Genetic analysis of transcriptional profiles for the identification of genes influencing obesity
Charlesworth, JC and Curran, JE and Johnson, MP and Goring, HHH and Dyer, TD and Comuzzie, AG and Cole, SA and Mahaney, MC and Jowett, JBM and MacCluer, JW and Collier, GR and Moses, EK and Blangero, J, Genetic analysis of transcriptional profiles for the identification of genes influencing obesity, Abstract/Session Information, American Society of Human Genetics, 56th Annual Meeting, October 9-13, 2006, New Orleans, Louisiana EJ (2006) [Conference Extract]

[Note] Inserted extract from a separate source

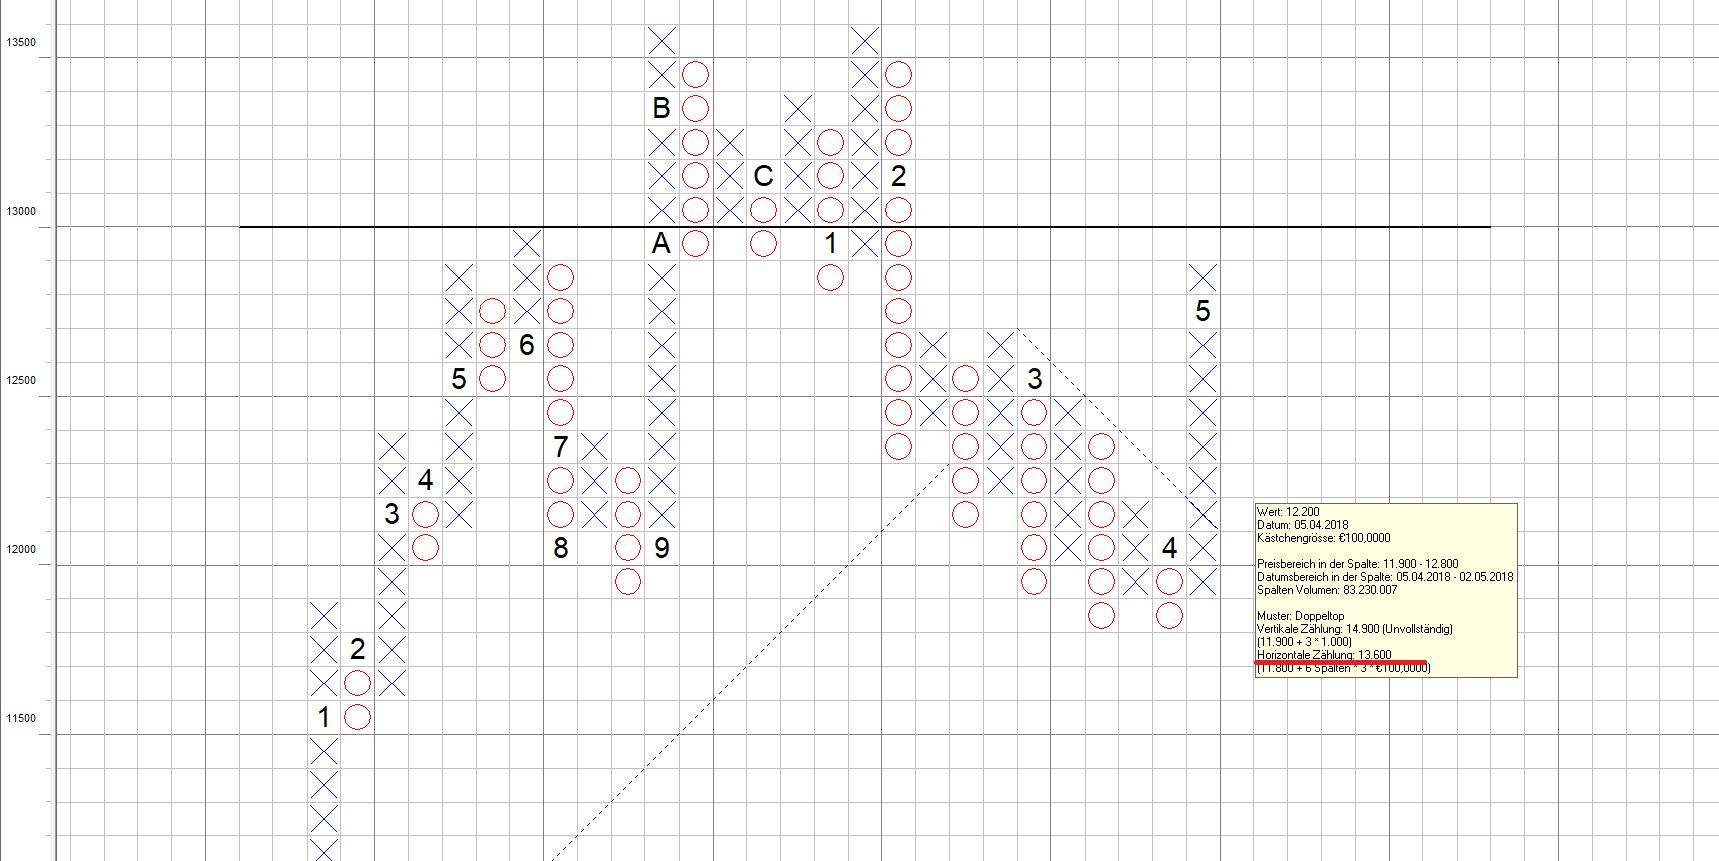 DAX hält Kursziel weiter aufrecht - Ableitung aus Point and Figure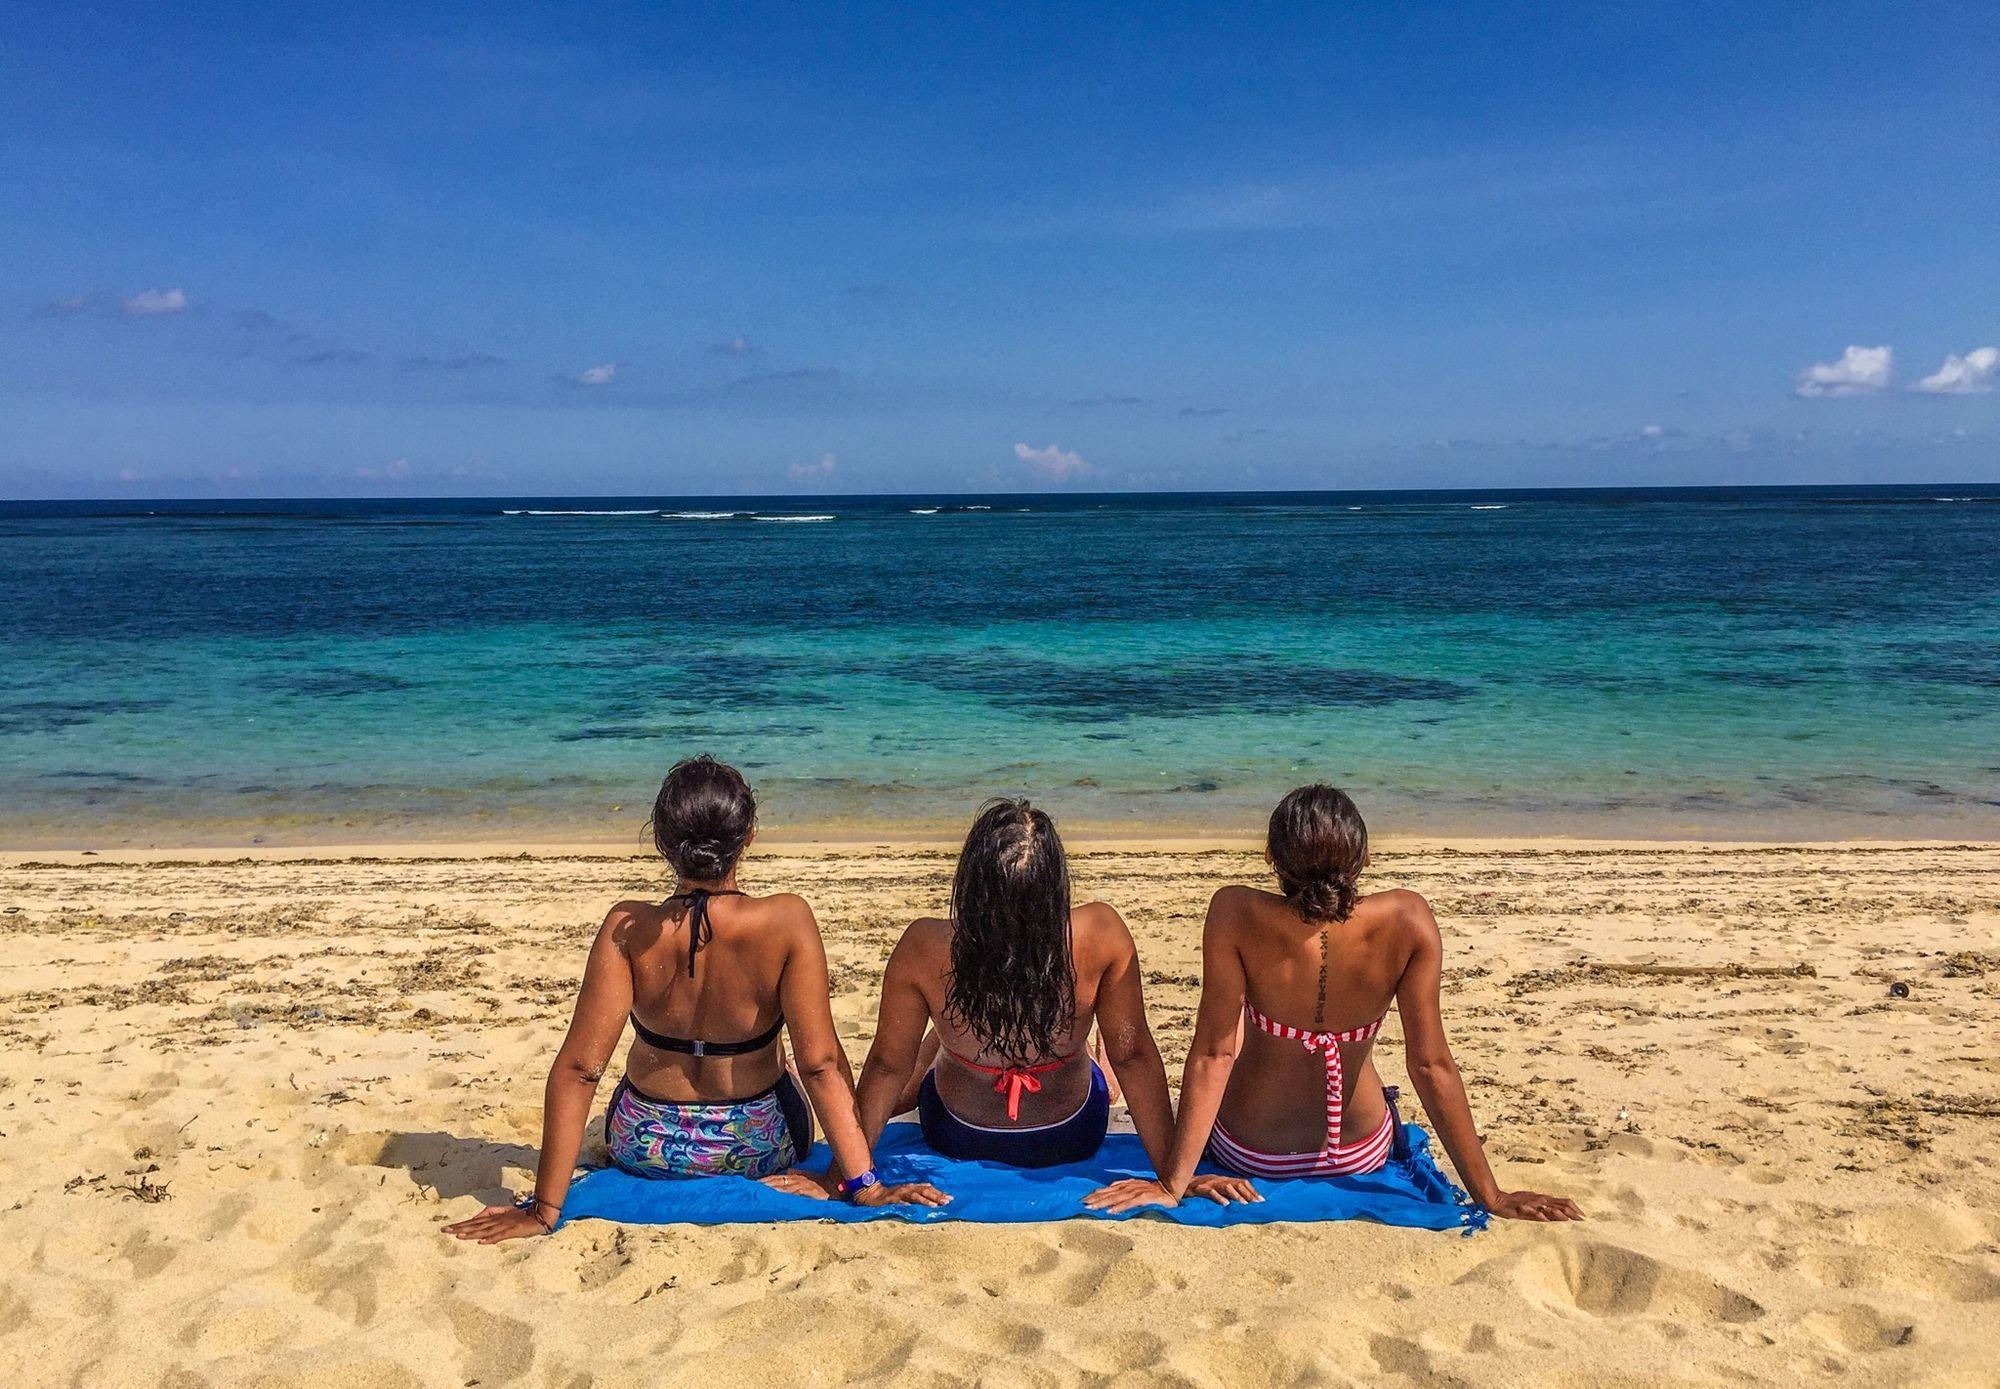 Beachaddict Cloudandsky Whitesand Friendship Happysunday Bikinis

The identification of candidate genes for human quantitative traits is typically based upon subjective knowledge of a biological pathway that is extrapolated to a particular phenotype. In this study, we propose an objective approach to candidate gene discovery that utilizes large-scale transcriptional profiling to identify novel cis-acting genes that correlate with a given quantitative trait. Using RNA extracted from lymphocytes, we obtained genome-wide quantitative transcriptional profiles from 1,240 individuals in the San Antonio Family Heart Study. In this data set, we were able to significantly detect ~20,000 transcripts. Using quantitative trait linkage analysis, we identified over 3,000 autosomal cis-acting QTLs for which we have significant evidence for variation at the transcript’s genomic location that influences expression levels. To identify potential novel candidate genes involved in obesity, we examined correlations between expression levels of these cis-acting genes and two obesity-related indicators, the body mass index and fat mass (as measured by bioimpedance). Using high-dimensional endophenotypic search procedures, we identified 383 autosomal genes (many novel) that correlate with these obesity-related phenotypes. Several known candidate genes for obesity, including IGBP3 and CDF (which encodes adipsin) were confirmed. The novel genes identified vary in their general biological actions, from mitochondrial functions to inflammation and growth factors. Because these genes were chosen to have large cis-acting effects on transcription levels, it is likely that some of our findings reflect causal relationships with risk of obesity. Our results point to the utility of large scale family-based transcriptional data bases for identifying human quantitative trait loci.